EXERCISE DATA:
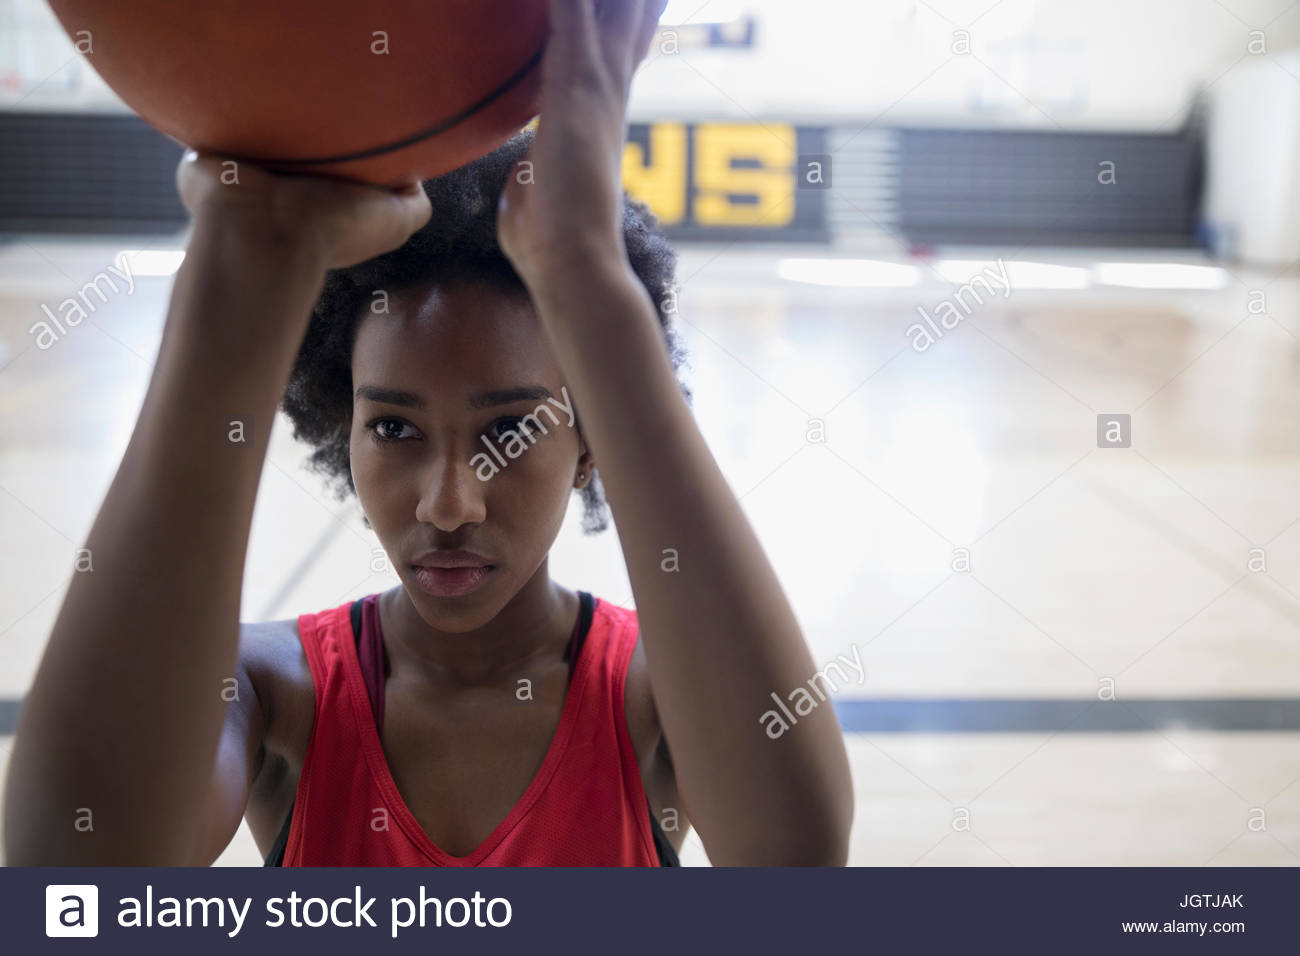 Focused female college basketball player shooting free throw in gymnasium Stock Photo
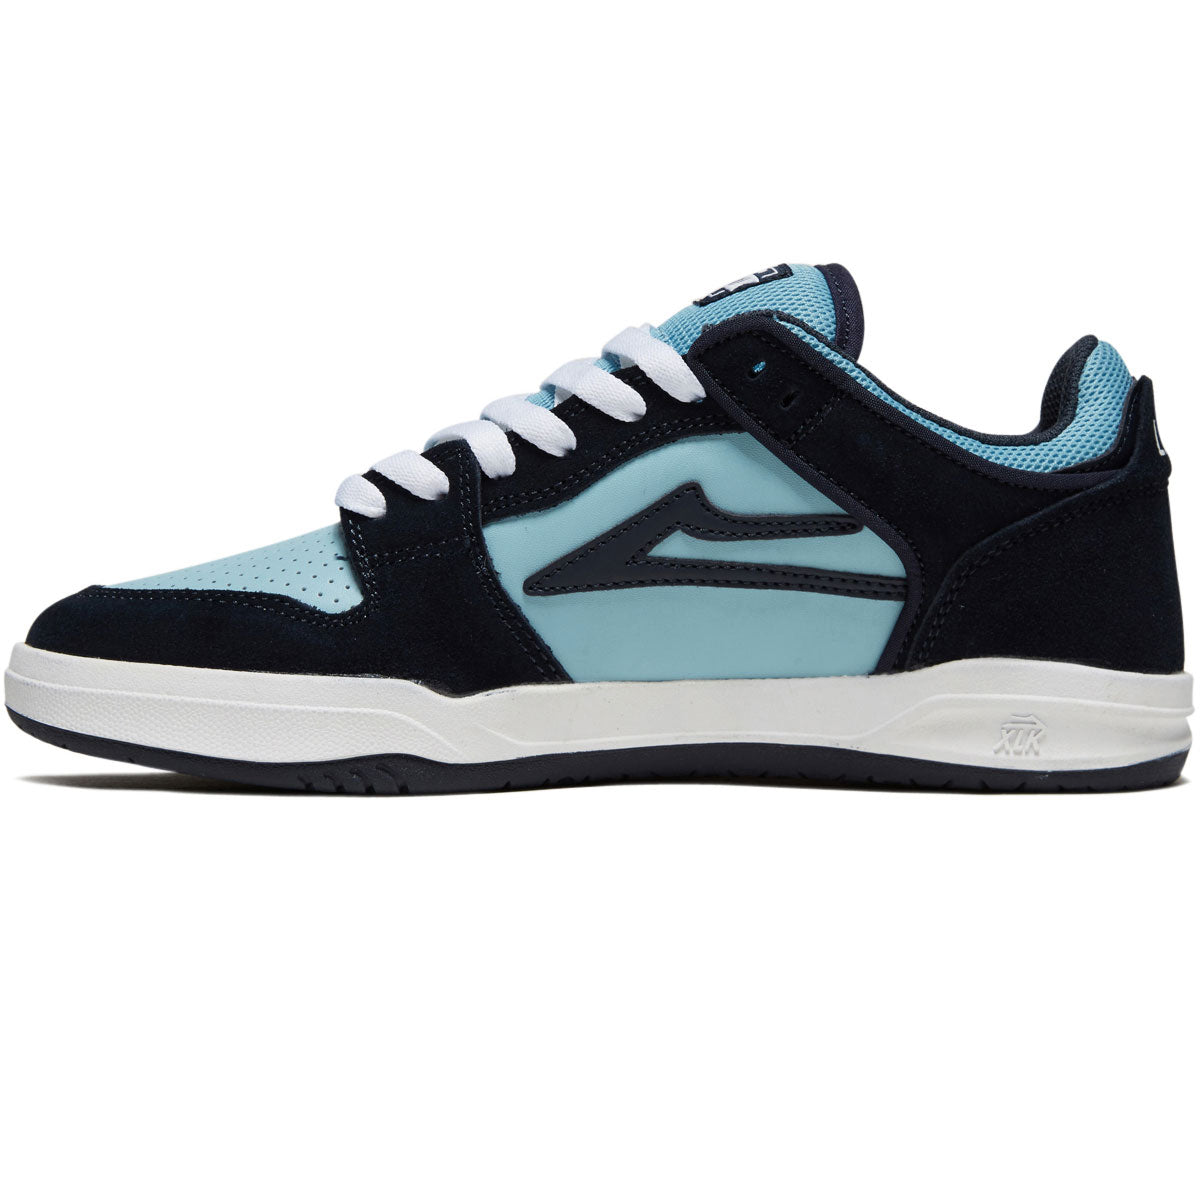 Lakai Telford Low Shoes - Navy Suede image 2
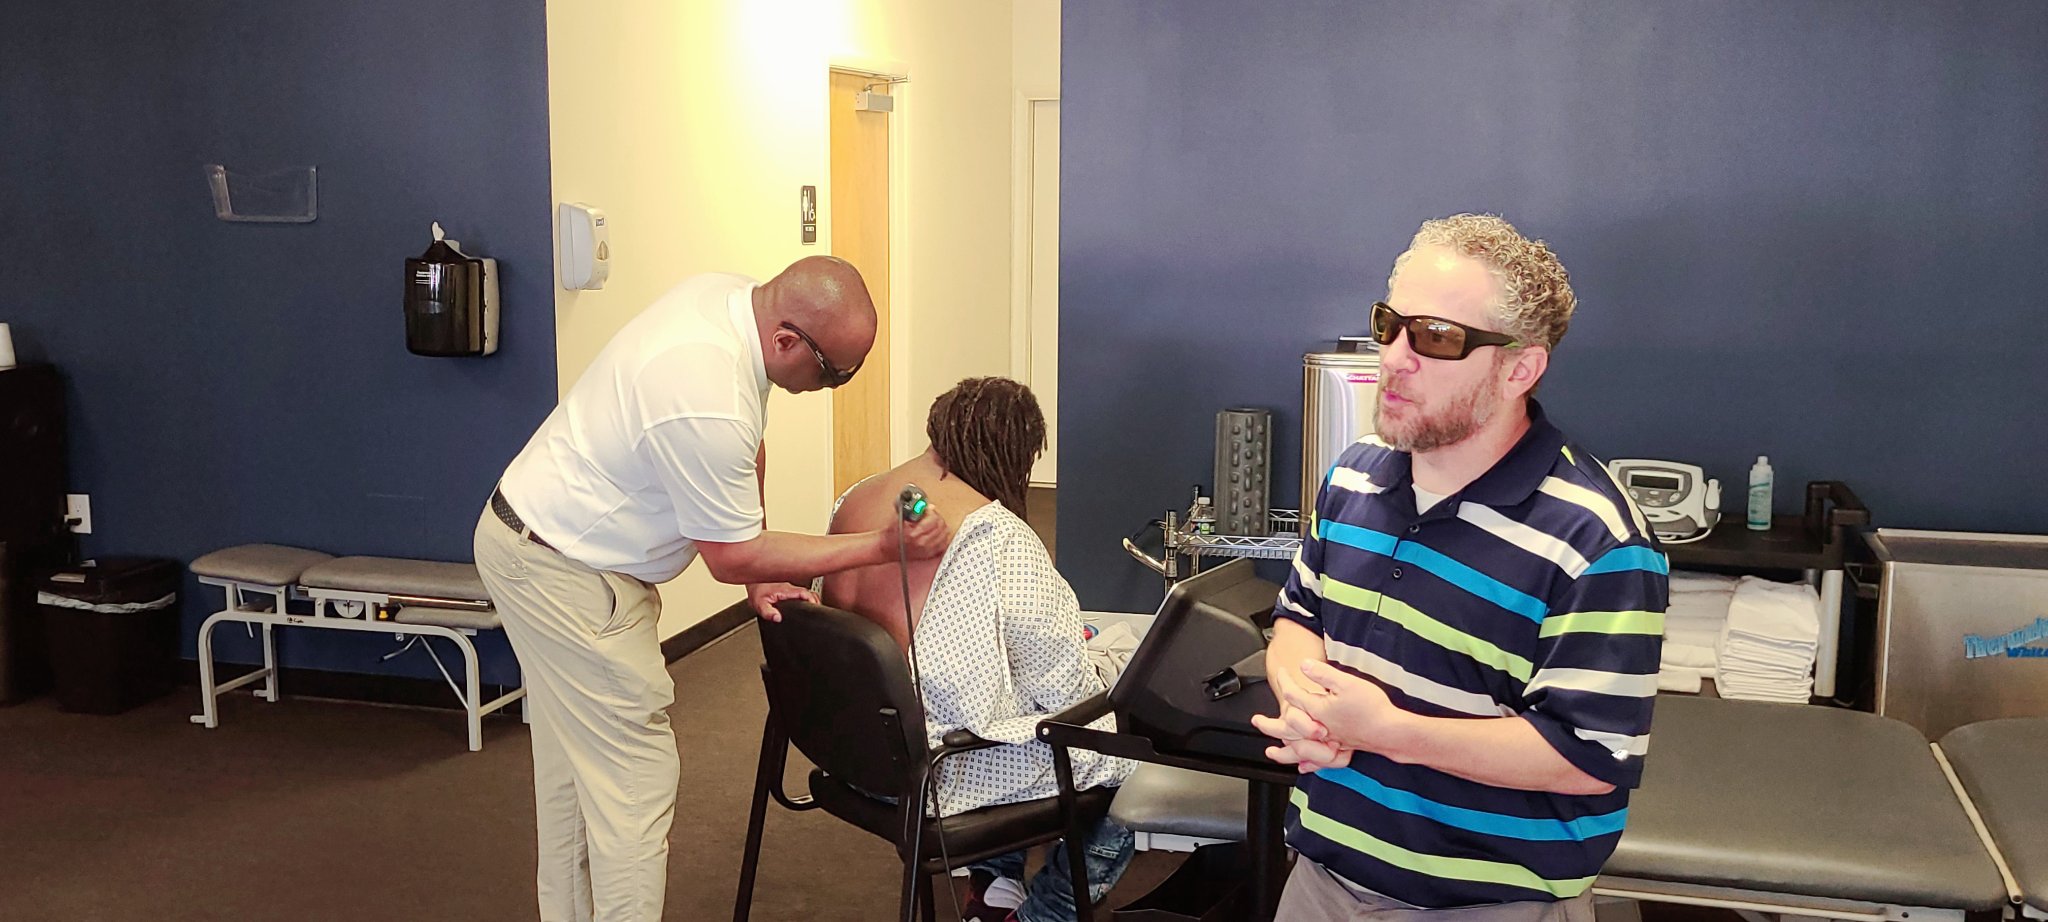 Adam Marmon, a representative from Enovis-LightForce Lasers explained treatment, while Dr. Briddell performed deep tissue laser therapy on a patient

PROBLEM TO WORK ON: No pictures belong in the copy; quote exactly the lines from the line containing "Lakai Telford Low Shoes - Navy Suede image 2" through the final line of the material, both ends included.

RESULT FOR THIS TASK:
 Lakai Telford Low Shoes - Navy Suede image 2
 Adam Marmon, a representative from Enovis-LightForce Lasers explained treatment, while Dr. Briddell performed deep tissue laser therapy on a patient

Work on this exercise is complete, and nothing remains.